Where's the Flying Car (airman) Mon 2 Jun 03 10:30
Drexler takes a real drubbing in your book along with Ralph Merkle, a respected scientist from Xerox. In Nanocosm it seems you took the safe way out by siding with Smalley's criticisms in the Scientific American counterpoint to Drexler's position However, it would seem that the researchers are approaching the same goals from different directions. Smalley is taking a top down approach using chemical methods and leaning toward biomimicry while Drexler took a bottoms up approach echoing the Feynman view. While Drexler may appear as a bottom feeding huckster, in strategic planning terms he is exploring the bottoms up methodology which is mostly a mind exercise.
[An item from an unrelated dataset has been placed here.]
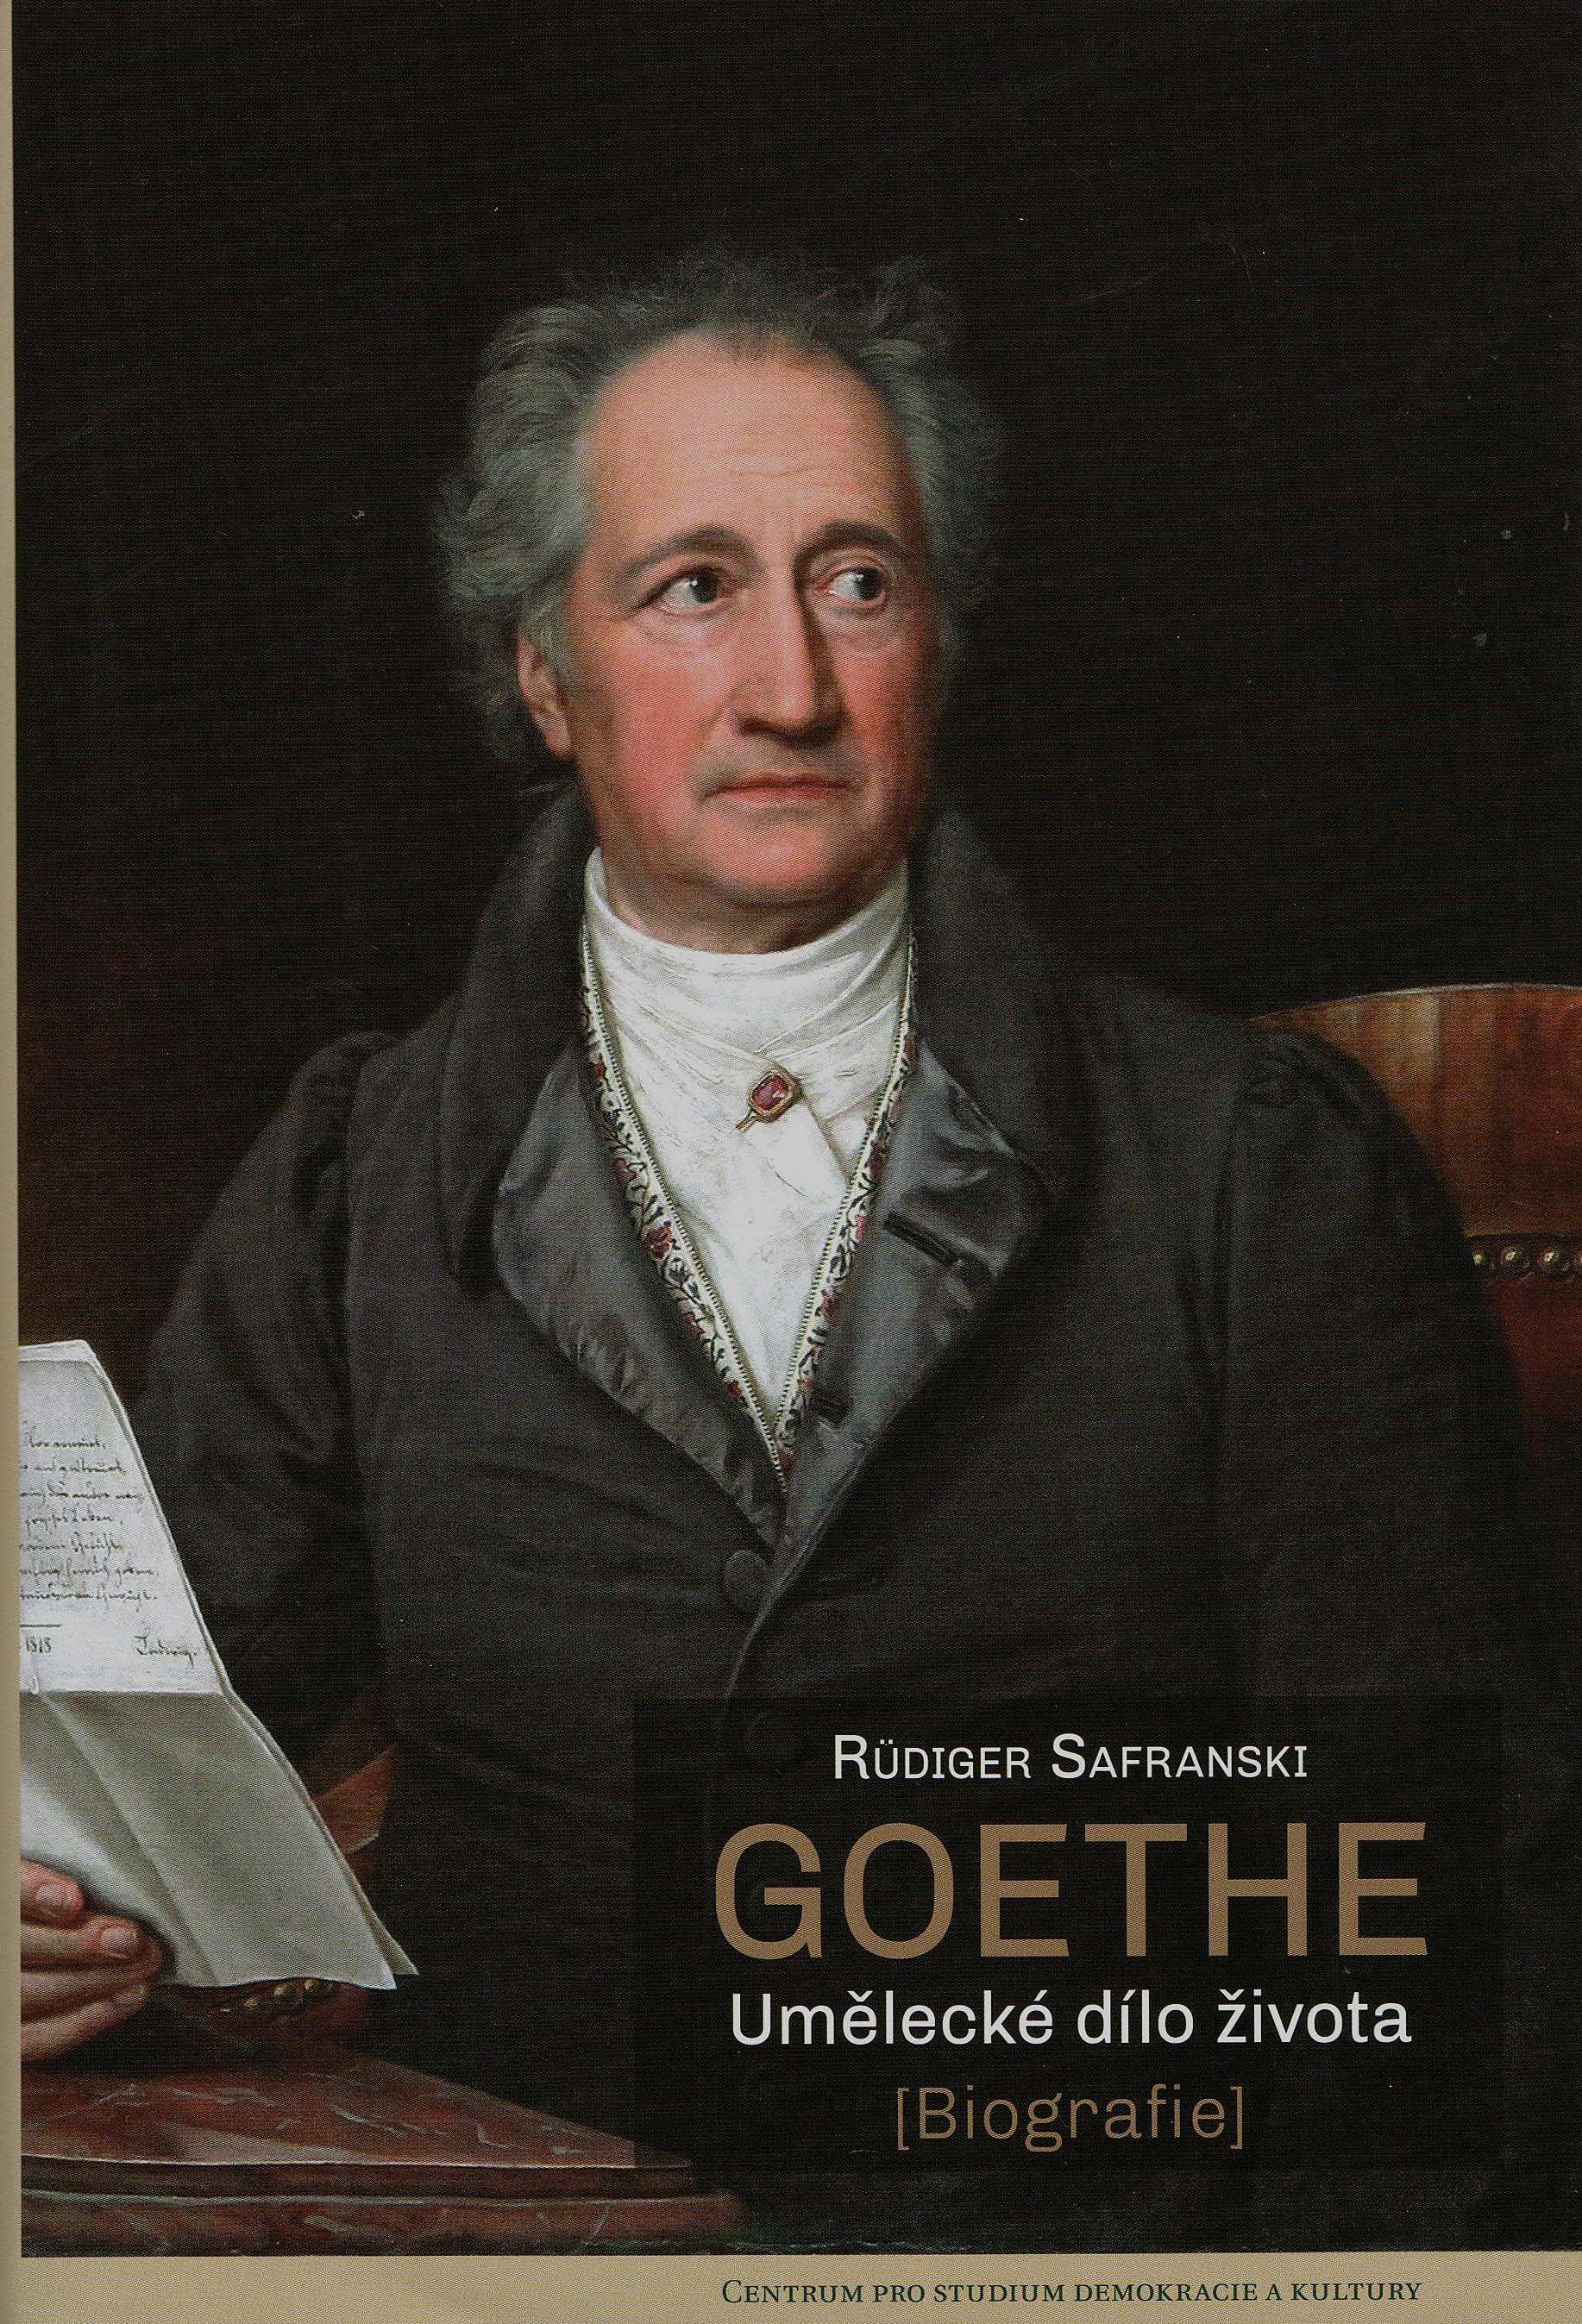 Goethe zcela klasický.

Notably, he also majored in biology and chemistry so he is well aware of the other methods. Drexler isn't someone you can invest in directly since his efforts are mostly associated with the Foresight Institute so the drubbing you give him seems ill suited to advising investors (except in Canada perhaps). Merkle on the other hand has joined Zyvex, a seriously funded effort that is focused on nanotechnology. While the Drexler-Merkle association has been a major attraction at the Foresight Institute, Merkle continues to publish with peer review as to the exhuberant promotion of Drexler. I found the ad hominem attacks on these individuals whether right or wrong distracting from the true purpose of the book. I expect that from a high school sophmore or gossip at a convention, or perhaps even a documented confrontation as you had in one case, but to continue to simple rant about Drexler's approach as being bad is tantamount to trying to prove a negative. In my opinion you would have been more effective if you documented the one incident and moved on. That leaves Zyvex...unless I missed something there was a major hole in not looking at Zyvex more closely. Merkle is there so perhaps it doesn't fit your investment criteria (what is your investment criteria?) but there are other respected sicentists and individuals there as well. One particular case worth noting is the Freitas multivolume series entitled Nanomedicine. Now there are a few other companies that might be worth investing in, but most of the companies associated with your list in the Appendix I have been aware for at least four years with the exception of Canadian companies. Was this book simply to make the VC community aware of a few Canadian companies?